To the best of our knowledge, while there is a plethora of work around data-centric BPM [7] and context-aware processes (e.g. [8]), there has been no systematic approach to integrating BPM with CV. This is very likely due to the major challenges in BPM itself that have steadily been tackled by the community over the past few years and the typical approach taken in CV by tackling each new problem with one application.

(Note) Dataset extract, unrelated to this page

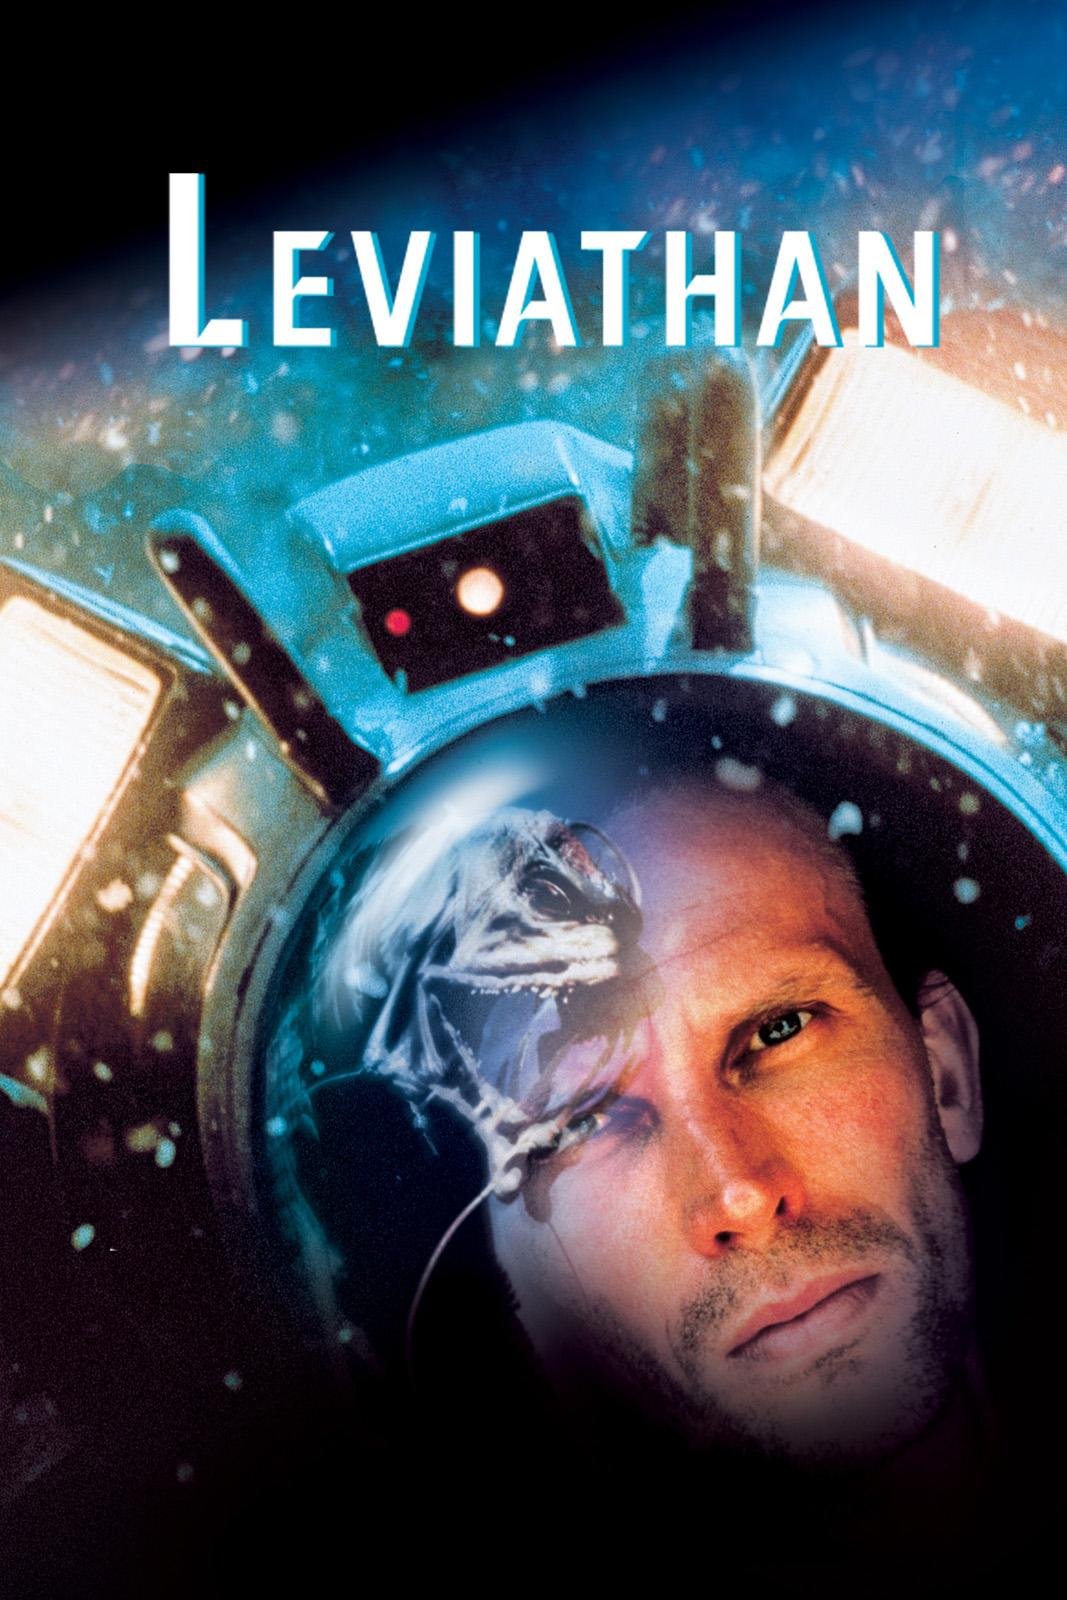 Leviathan (1989) starring Peter Weller, Ernie Hudson, Hector Elizondo, Richard Crenna

In CV, event detection has been investigated extensively and multiple research directions to event modelling emerged [9]. Traditionally, events have been represented and recognized holistically. This involved the global classification of (pre-segmented) video clips [10]. However, understanding events that involve complex activities (e.g., human interactions, sports, street scenes, etc.) requires reasoning about the spatio-temporal “structure” of the event, including interaction between agents and objects. To enable such reasoning, part-based methods were proposed. These methods typically define an event in terms of event primitives and their space-time relations. Two different mechanisms to discover these primitives are common in the literature. On the one hand, primitives are often pre-defined by hand and their space-time relationships are either learned or manually configured [11, 12]. Other approaches go further and learn the event primitives from data [13, 14]. The third and most recent line of research represents events using attributes by making use of libraries of reusable high-level semantic concepts [15]. Continuing this line of research, current trends are towards leveraging knowledge bases for high-level reasoning [16]. Existing methods to event detection learn event-specific representations from a vast pool of training data. Hence, the availability of training data is critical for these approaches and is often the major bottleneck to their generalization capability. In contrast, here we reuse generic visual elements from our VDSL across events by interfacing with a BPM execution engine.

6 Summary and Conclusion

This paper presents an approach to integrate computer vision capabilities in BPM in a modular, composable and generic way. It proposes a Vision Enabled Process Environment that allows new CV elements to be added to the BPM standard languages as well as graphical modelling tools for designing with CV elements. The approach also entails a model generation system for attaching these CV entities into BPMN 2 or other process description and execution languages. Importantly, the user does not need to program the connection between the BPMS and CV, instead, they simply select to use CV-enabled elements in their BPs, the connections being generated. The execution support is provided by an extended BPM engine that executes the generated processes. This support can be readily applied to any BPMS that uses an extensible standard such as BPMN, or to any engine that has extension points. It can also be added to BPM engines through partnerships with the respective vendors. Lastly, the CV engine supports the VDSL and provides the API used by the engine to leverage the visual information available from cameras in a modular way.

We have started the implementation of this approach using a mix of domain-specific modelling environments, open source BPMS and computer vision libraries developed in house. We believe that this work has great potential to bring added value to enterprise business processes in a cost-effective way by bridging process design and execution with visual information through modular computer vision capabilities.